Stack Overflow Asked by xmh0511 on November 4, 2021
template<typename T>
struct Test{};
template<typename Ret, typename...Args>
struct Test<Ret(*)(Args...)>{
using type = int;
};
void func(int){}
int main(){
Test<decltype(&func)>::type b;
}
If type P
is Ret(*)(Args...)
and the corresponding argument type A
is void(*)(int)
, the deduction attempt to deduce template argument from A
, however such form is not listed in the following list which specifies the what form of type can be deduced.

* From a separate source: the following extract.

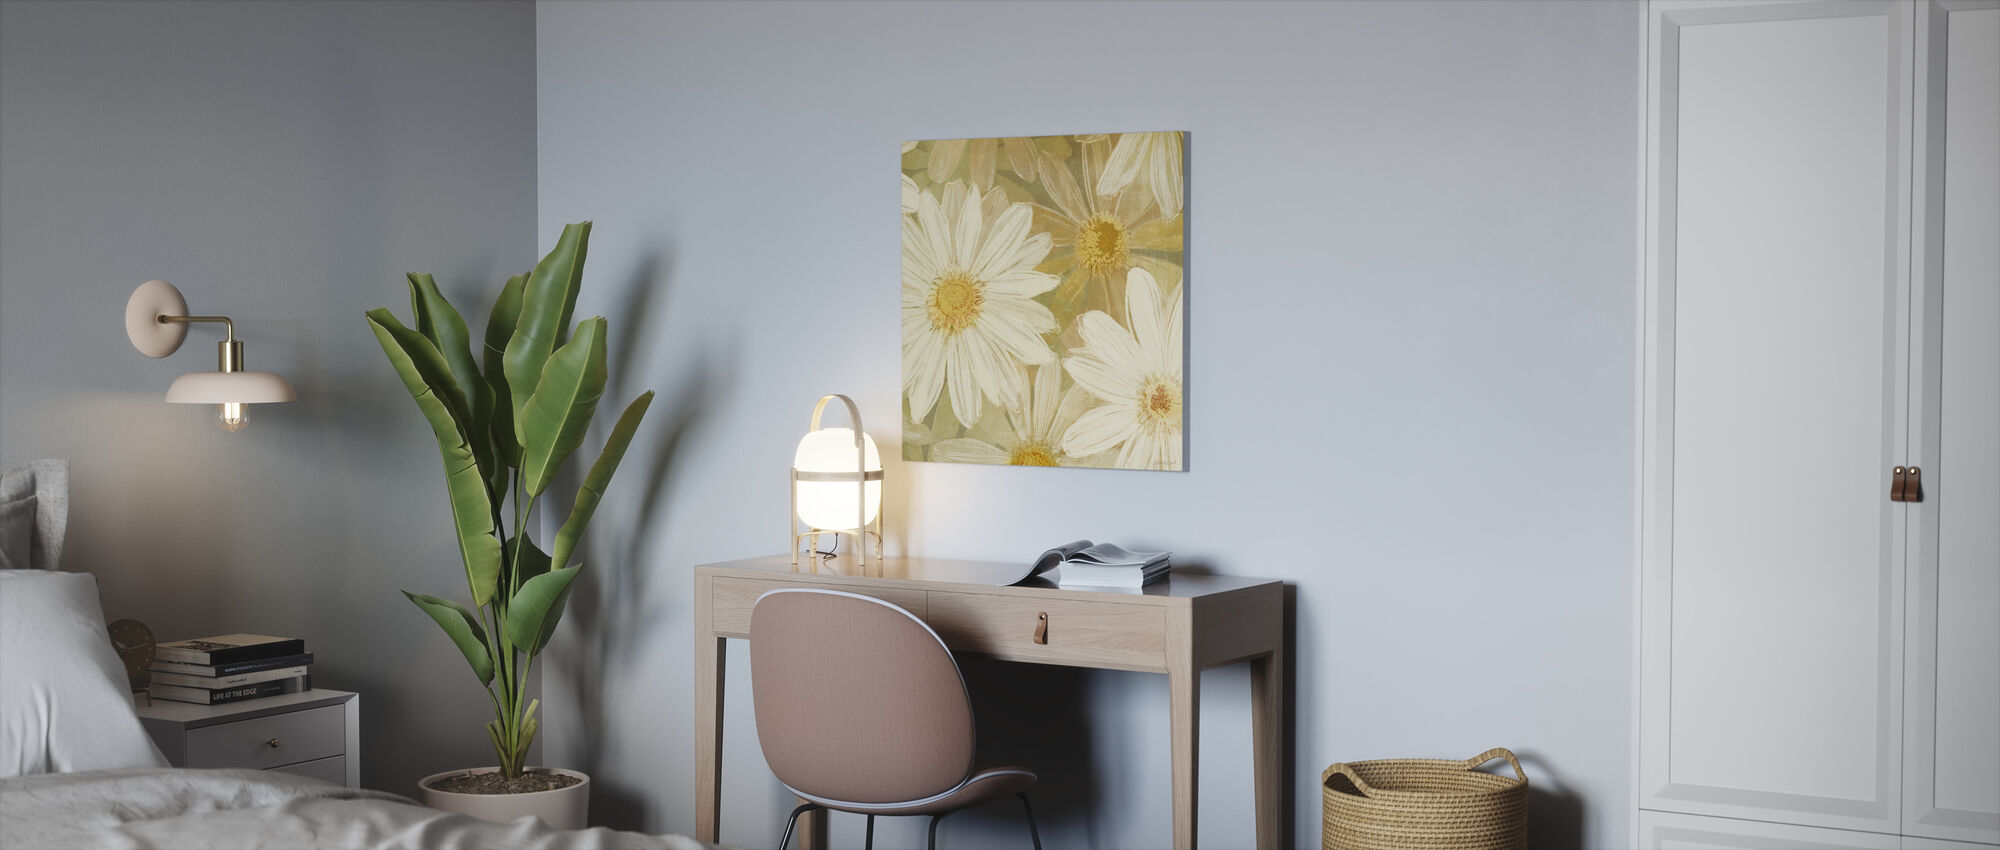 Daisy Story Square II - Canvas print - Kantoor

A template type argument T, a template template argument TT or a template non-type argument i can be deduced if P and A have one of the following forms:
- T
- cv-list T
- T*
- T&
- T&&
- T[integer-constant]
- template-name (where template-name refers to a class template)
- type(T)
- T()
- T(T)
- T type::*
- type T::*
- T T::*
- T (type::*)()
- type (T::*)()
- type (type::*)(T)
- type (T::*)(T)
- T (type::*)(T)
- T (T::*)()
- T (T::*)(T)
- type[i]
- template-name (where template-name refers to a class template)
- TT
- TT
- TT<>
The list specifies so much however pointer to function type is absent, only function type such as T(T)
is comprised, so why a pointer to function type is absent in this list, such type should be deducible.
A pointer-to-function type Ret(*)(Args...)
is nothing but a T*
where T
is Ret(Args...)
.
Edit: further examination has proven that this is not sufficient.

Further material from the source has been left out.